**Task goal**
Leaving out the images, return the data below exactly as it is written.

======== Data segment

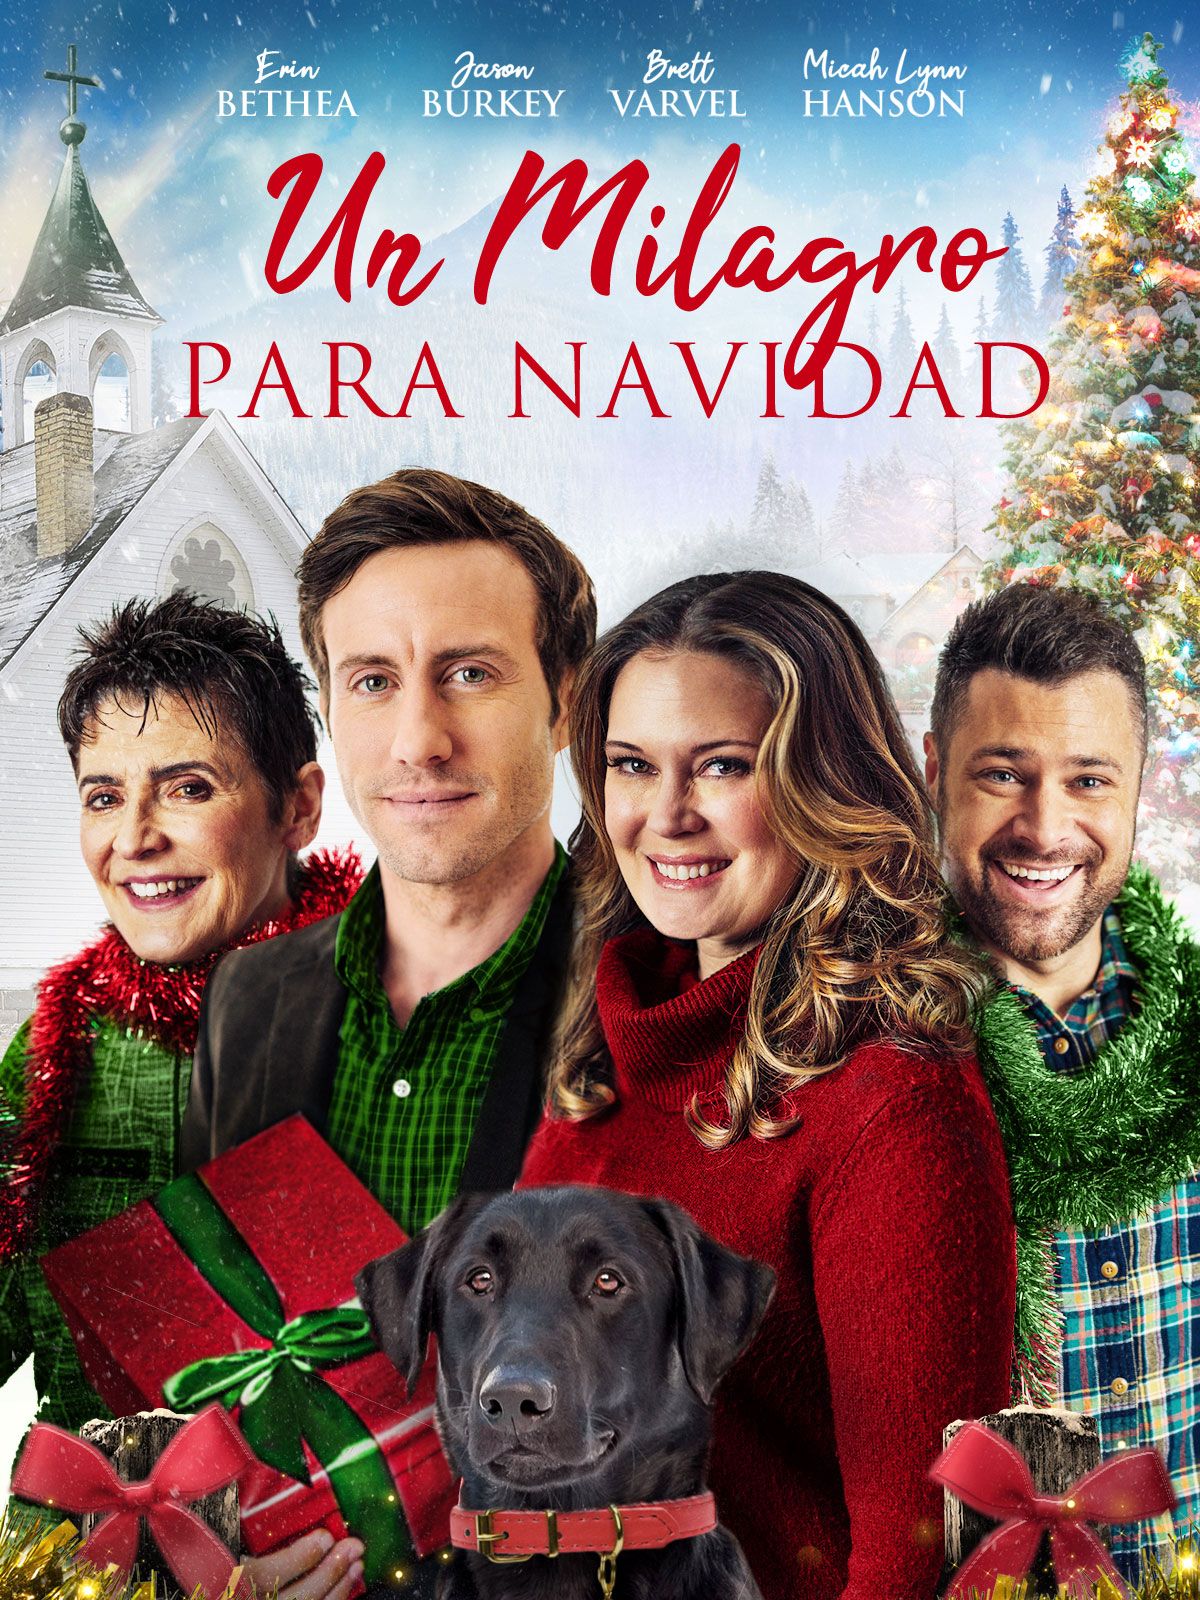 Keyart for the movie Miracle on Christmas (Spanish Title: Un Milagro Para Navidad)
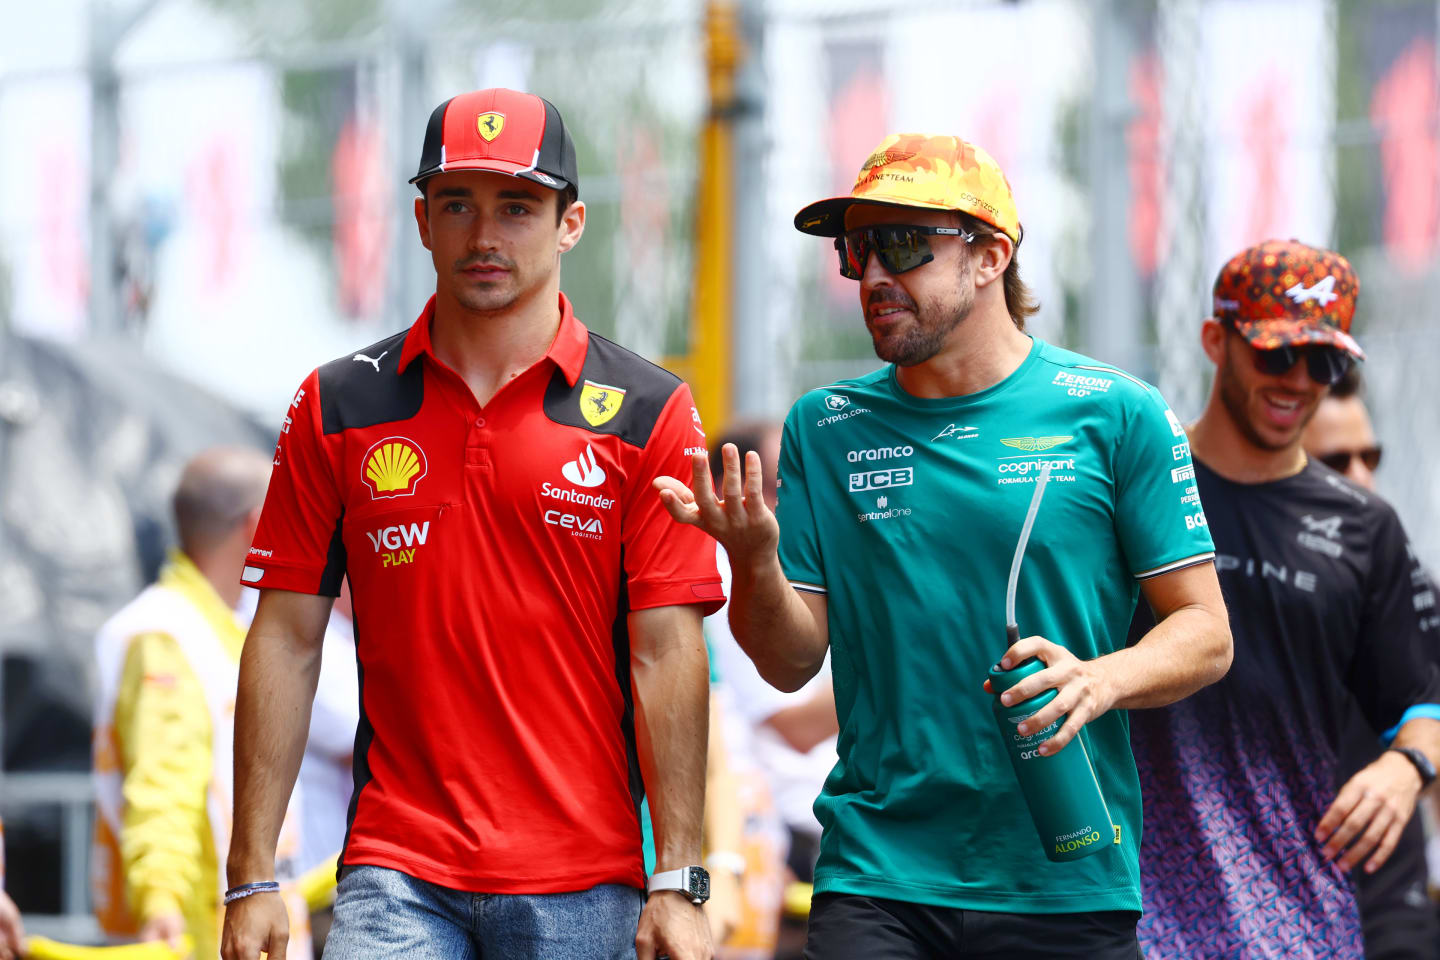 BARCELONA, SPAIN - JUNE 04: Charles Leclerc of Monaco and Ferrari talks with Fernando Alonso of
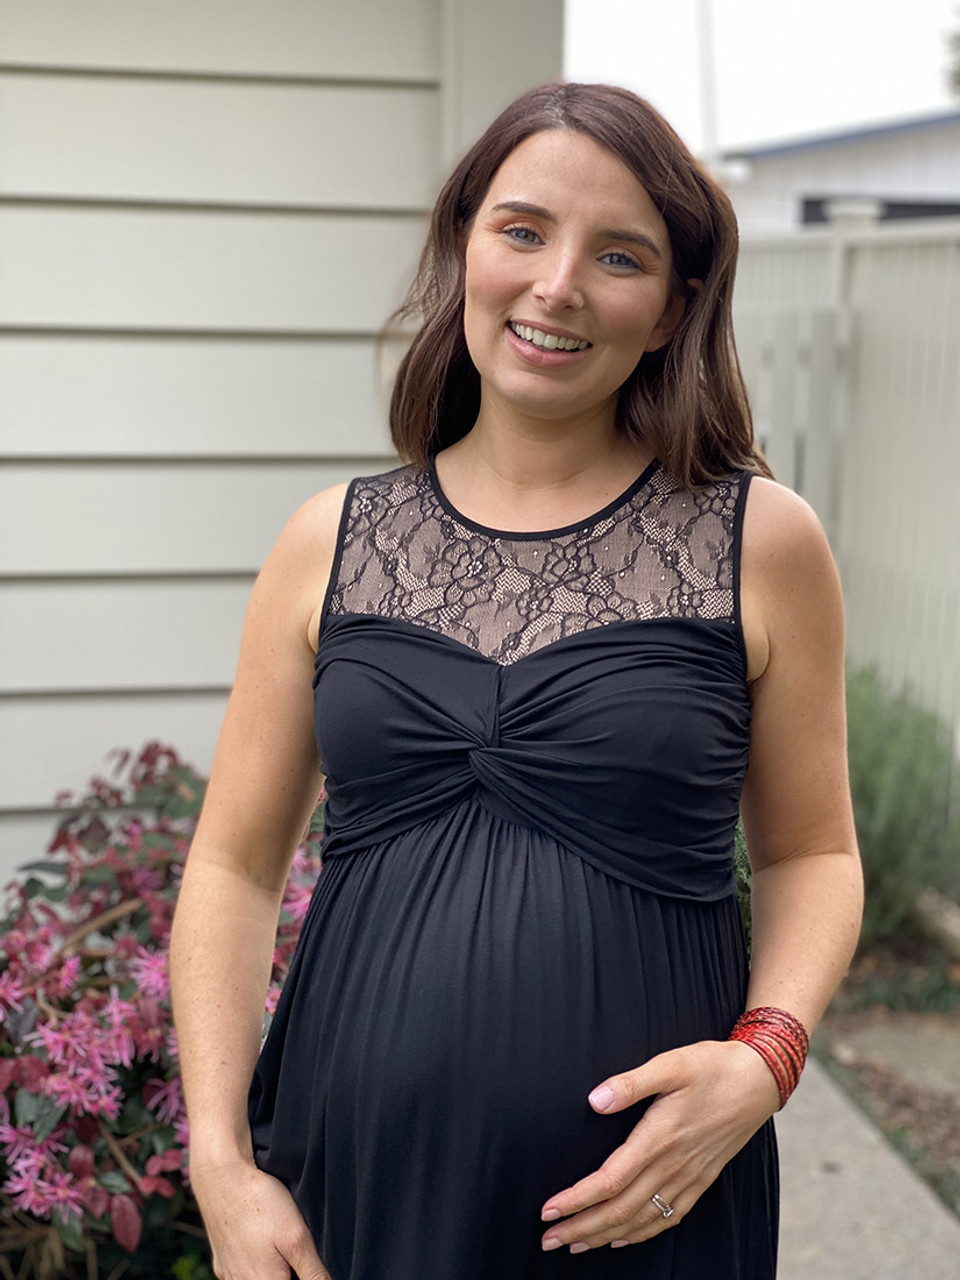 Breastmates - Black Cotton Tank Dress - Maternity clothing online at  Breastmates

================

**Answer section**
 Keyart for the movie Miracle on Christmas (Spanish Title: Un Milagro Para Navidad)
 BARCELONA, SPAIN - JUNE 04: Charles Leclerc of Monaco and Ferrari talks with Fernando Alonso of
 Breastmates - Black Cotton Tank Dress - Maternity clothing online at  Breastmates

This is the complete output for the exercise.